What you will do> Begin at the line containing "Angle View: HP" and restate it and each line after it exactly, up to and including the last line below. Leave pictures out.

** Input data follows **

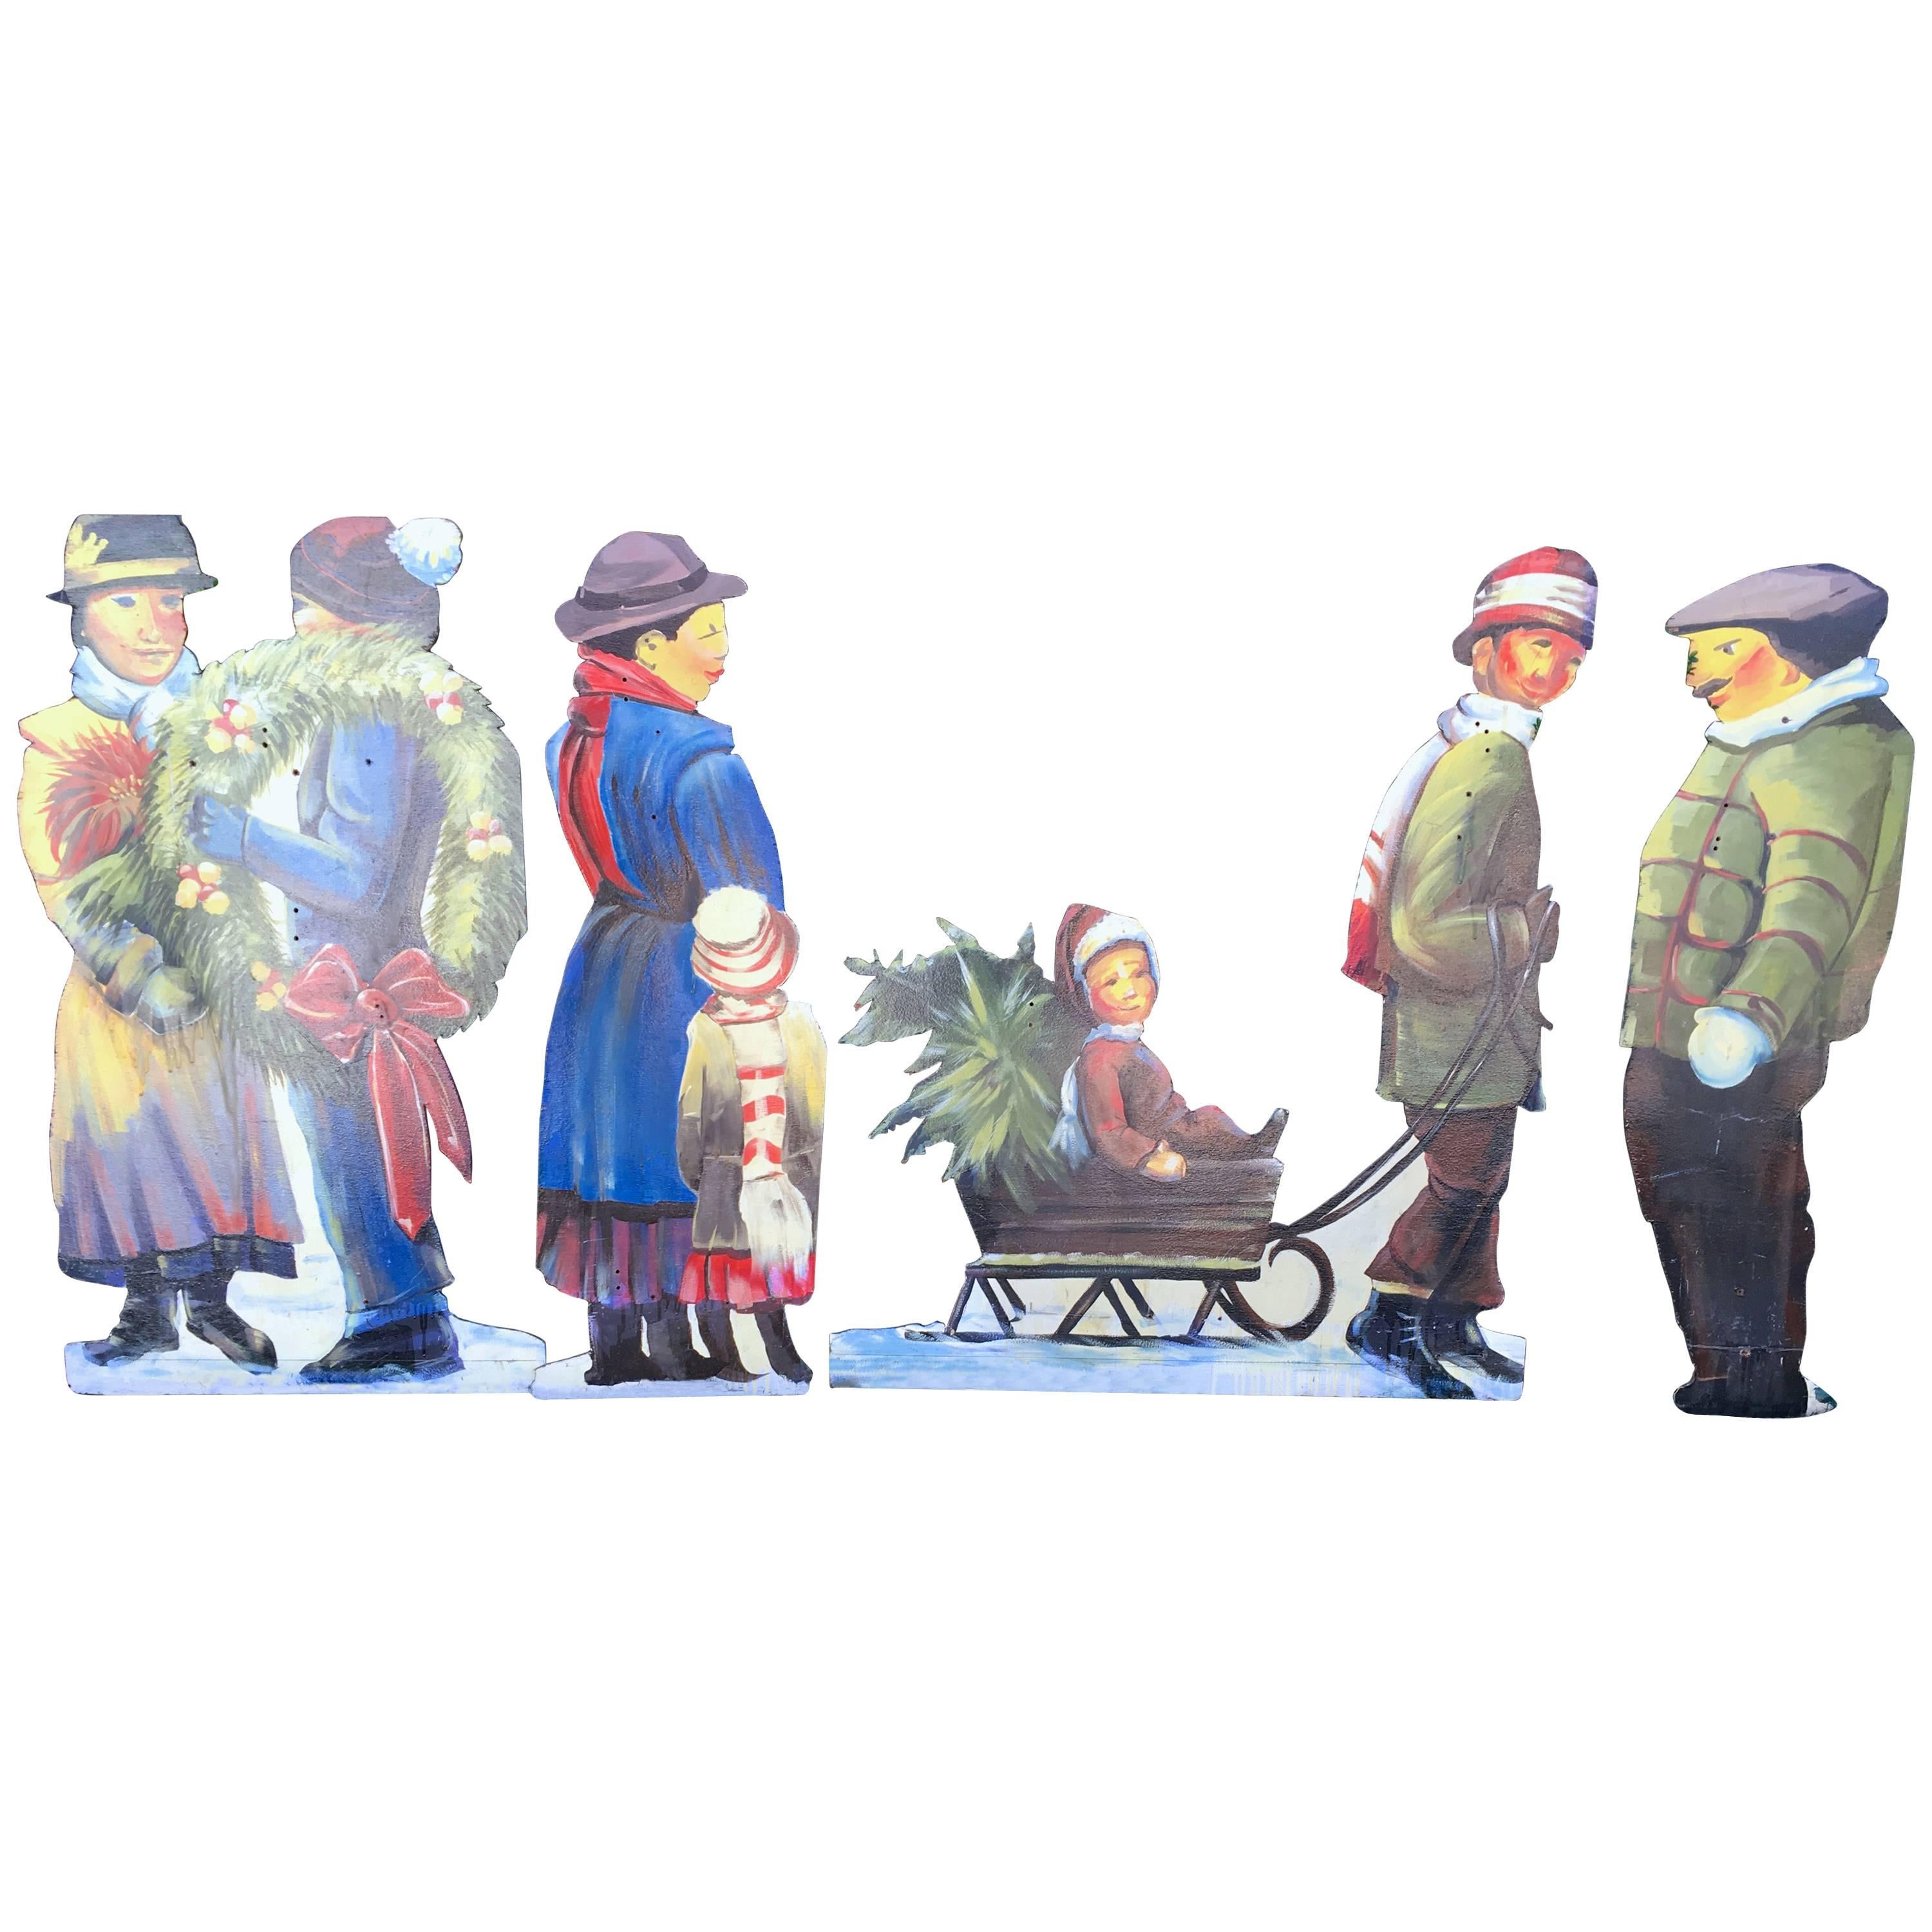 Set of Large Painted Holiday/Winter Village Scene Figures For Sale
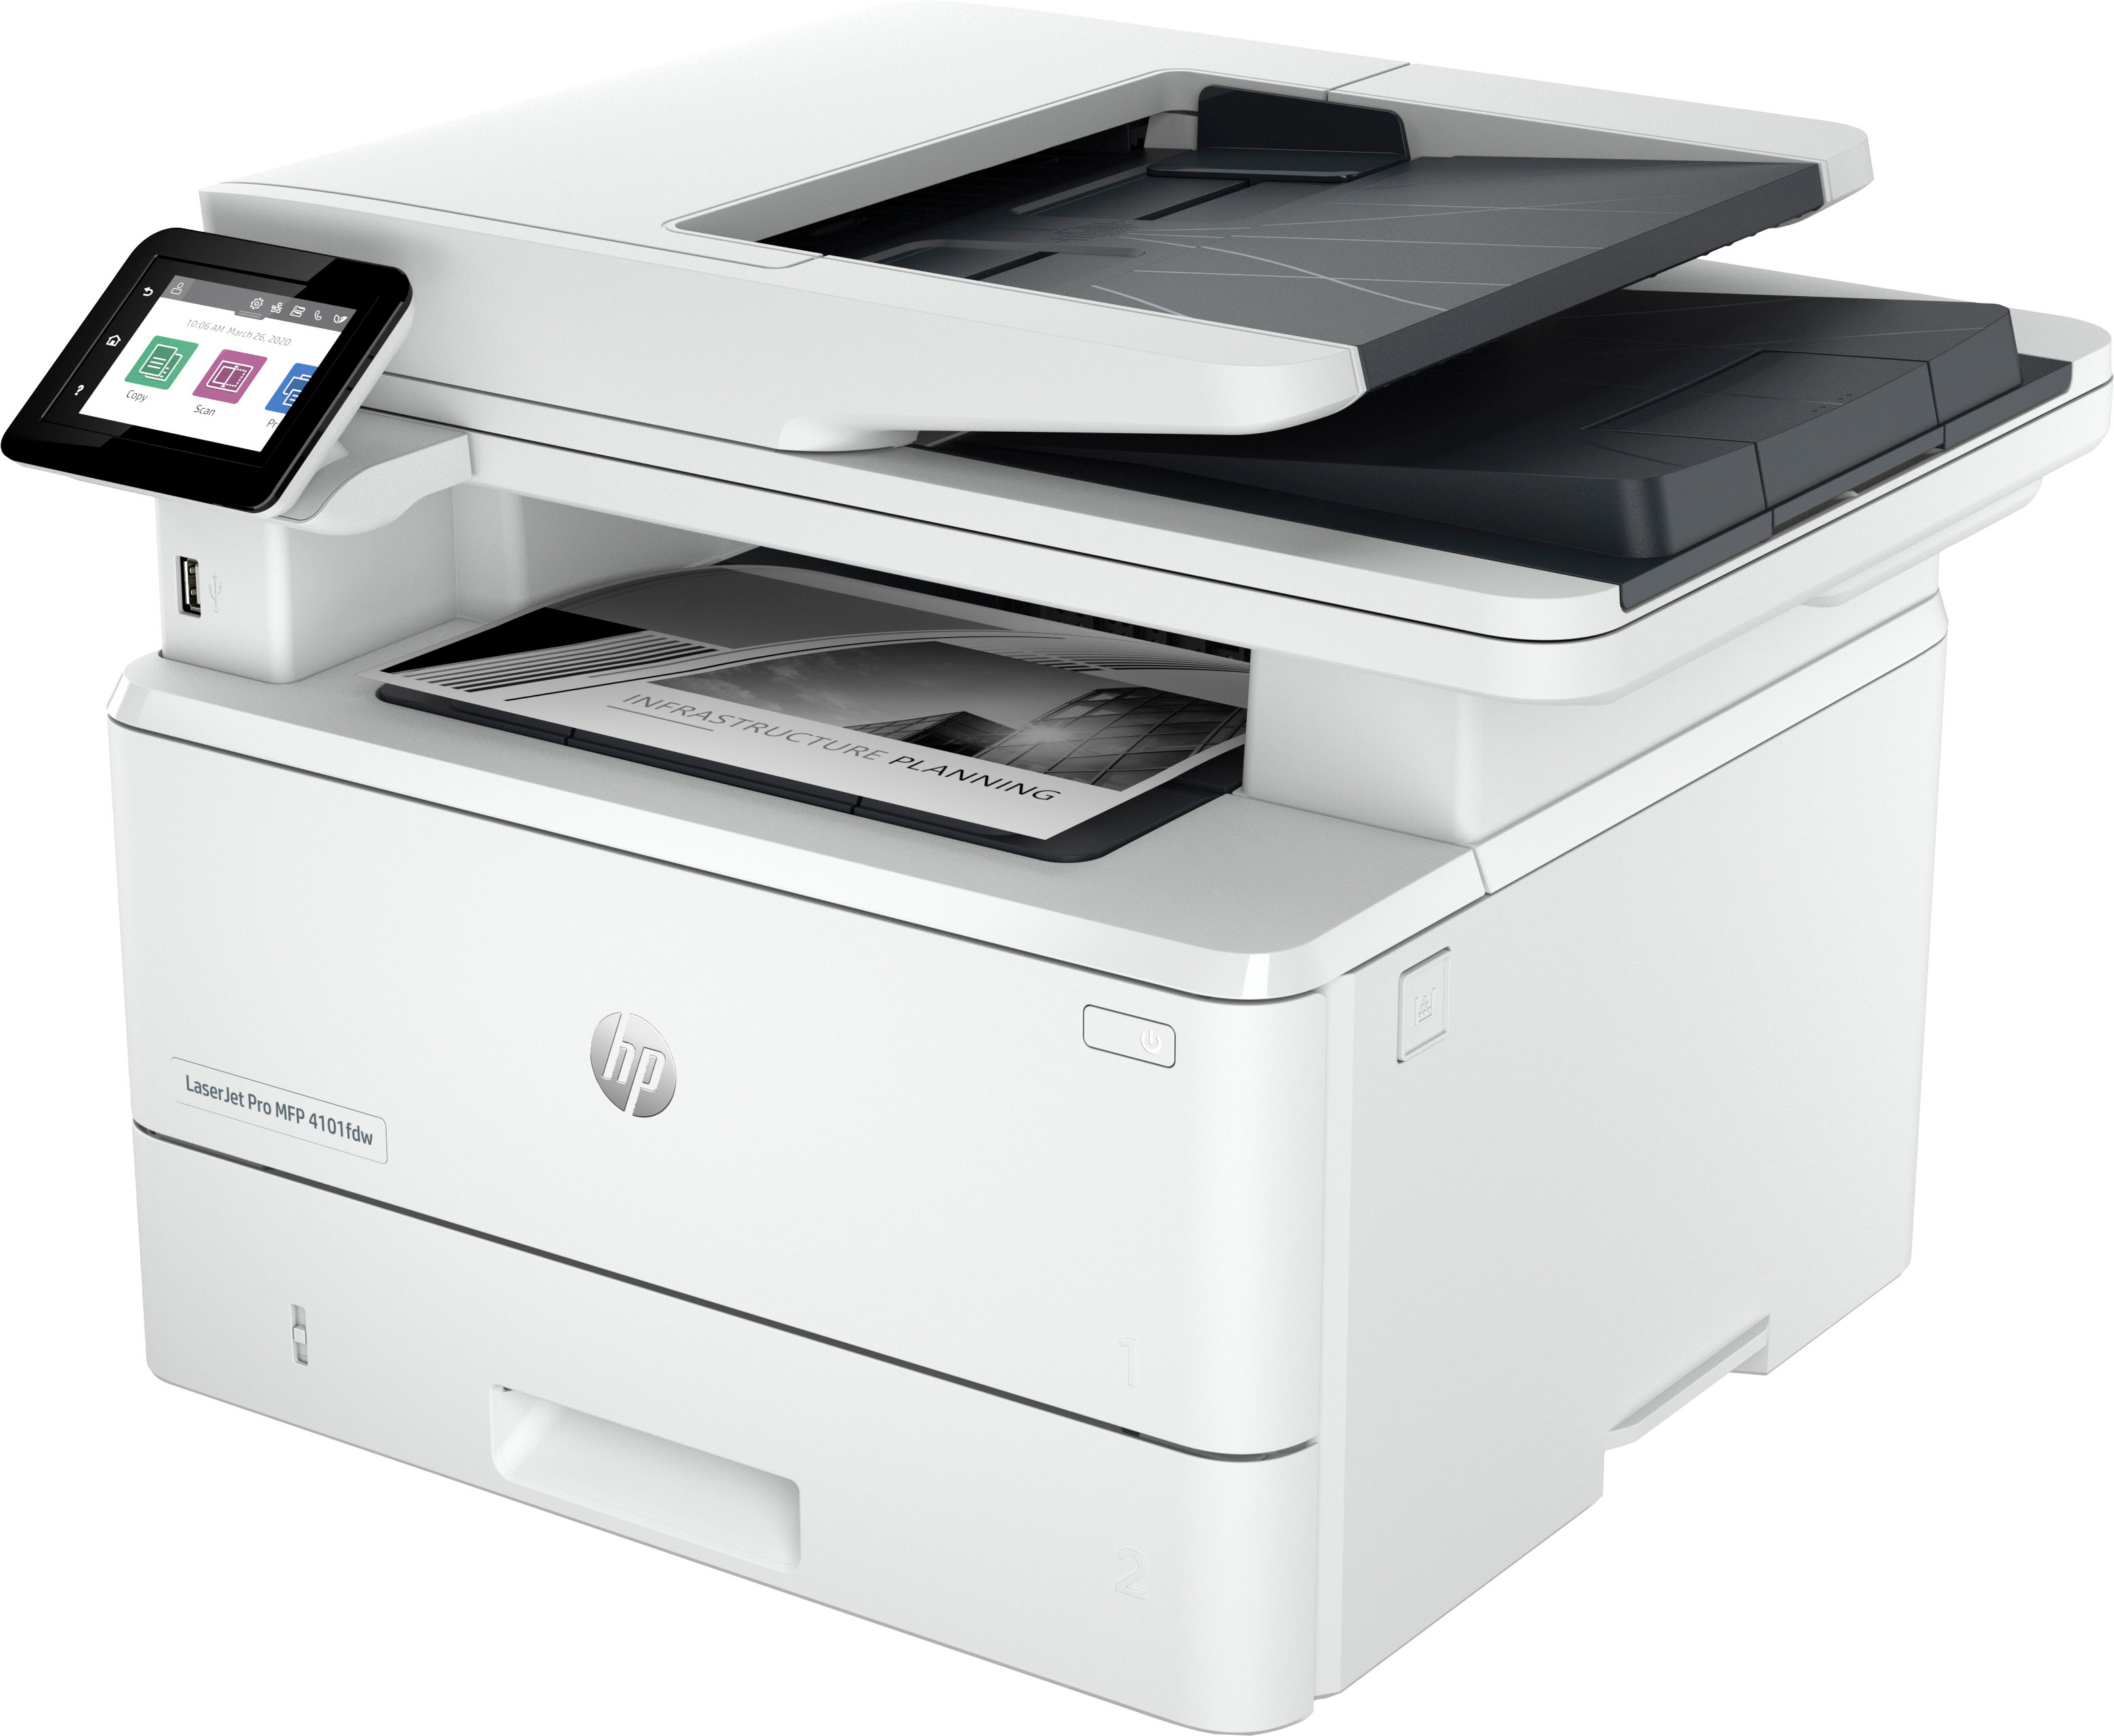 Angle View: HP - LaserJet Pro MFP 4101fdw Wireless Black-and-White All-in-One Laser Printer - White
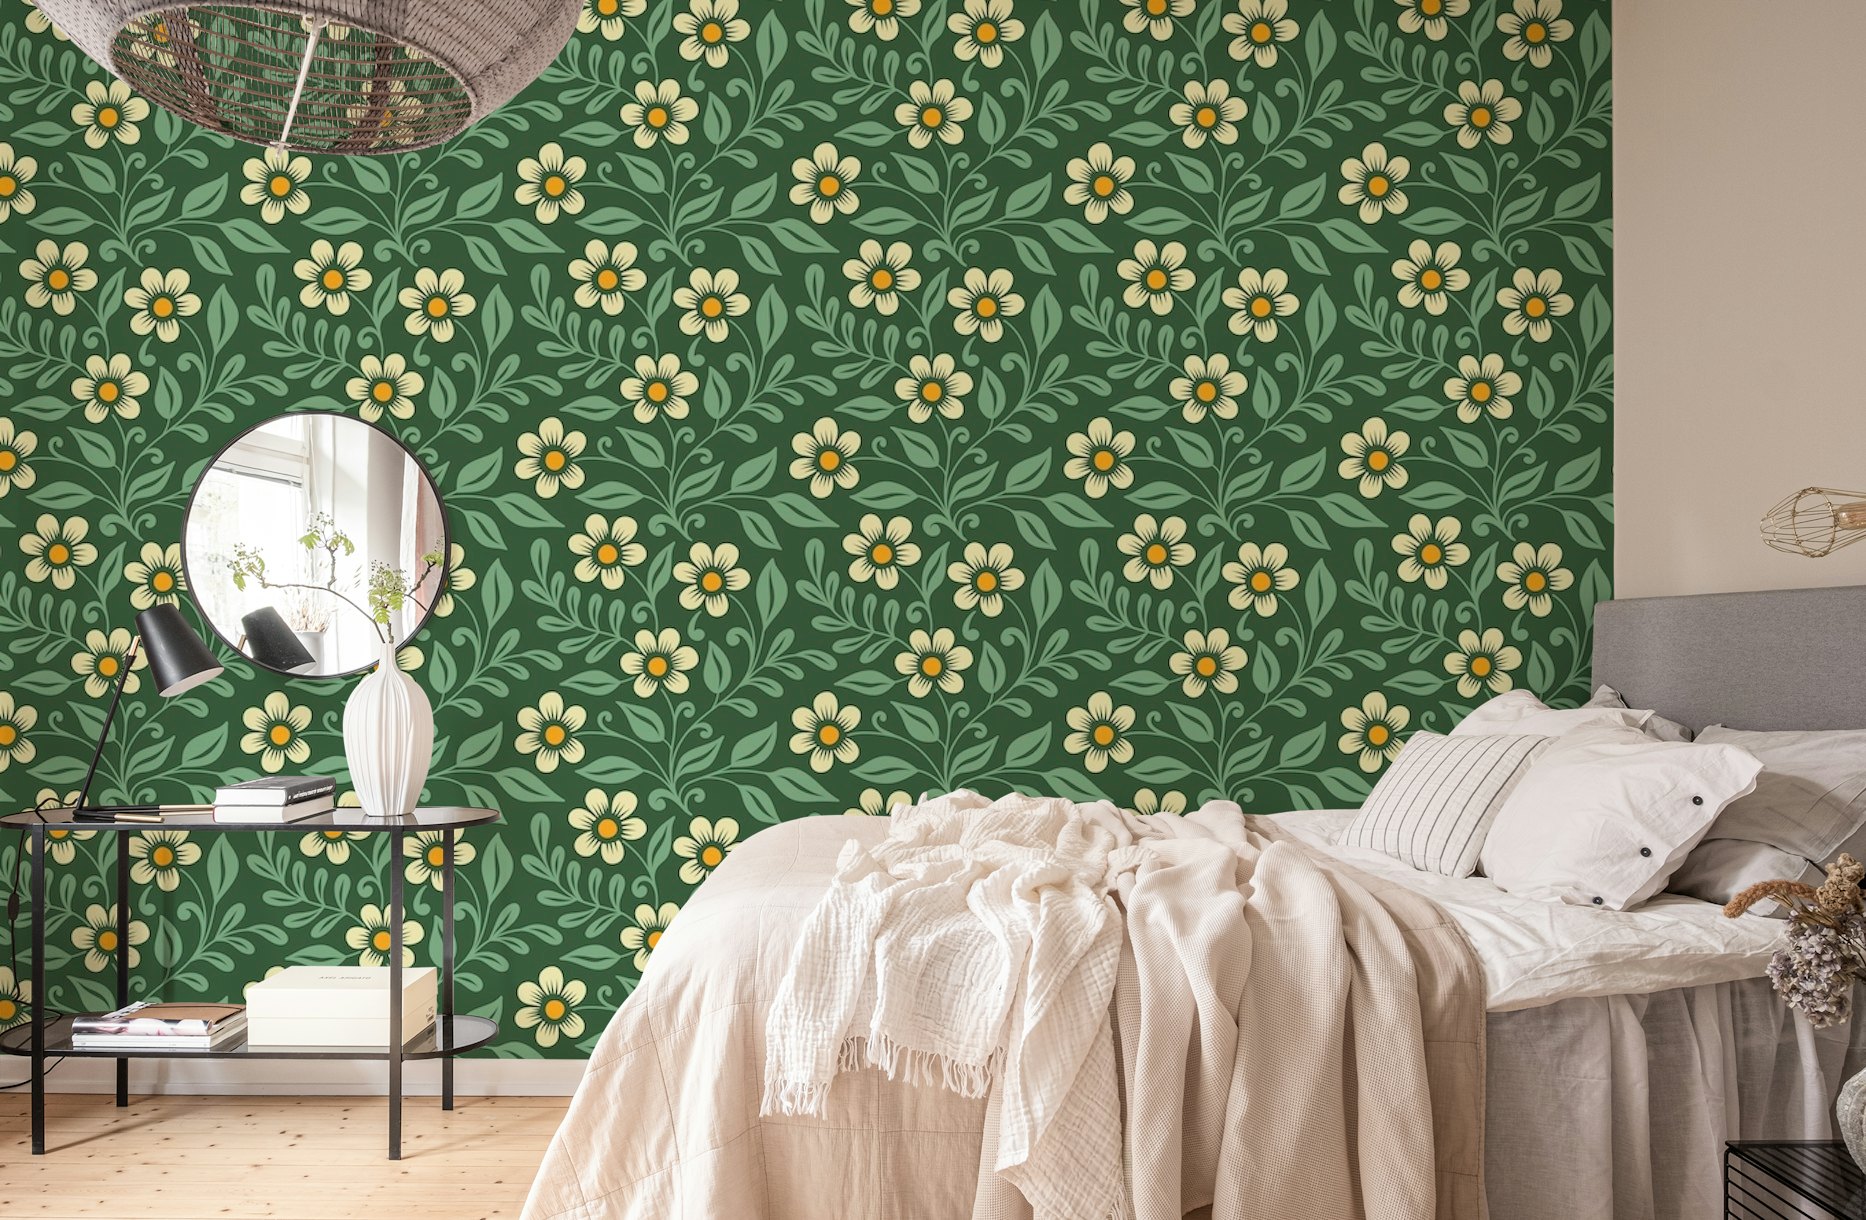 2207 Ditsy floral pattern tapete

** End of Input data **

The completed task>
 Angle View: HP - LaserJet Pro MFP 4101fdw Wireless Black-and-White All-in-One Laser Printer - White
 2207 Ditsy floral pattern tapete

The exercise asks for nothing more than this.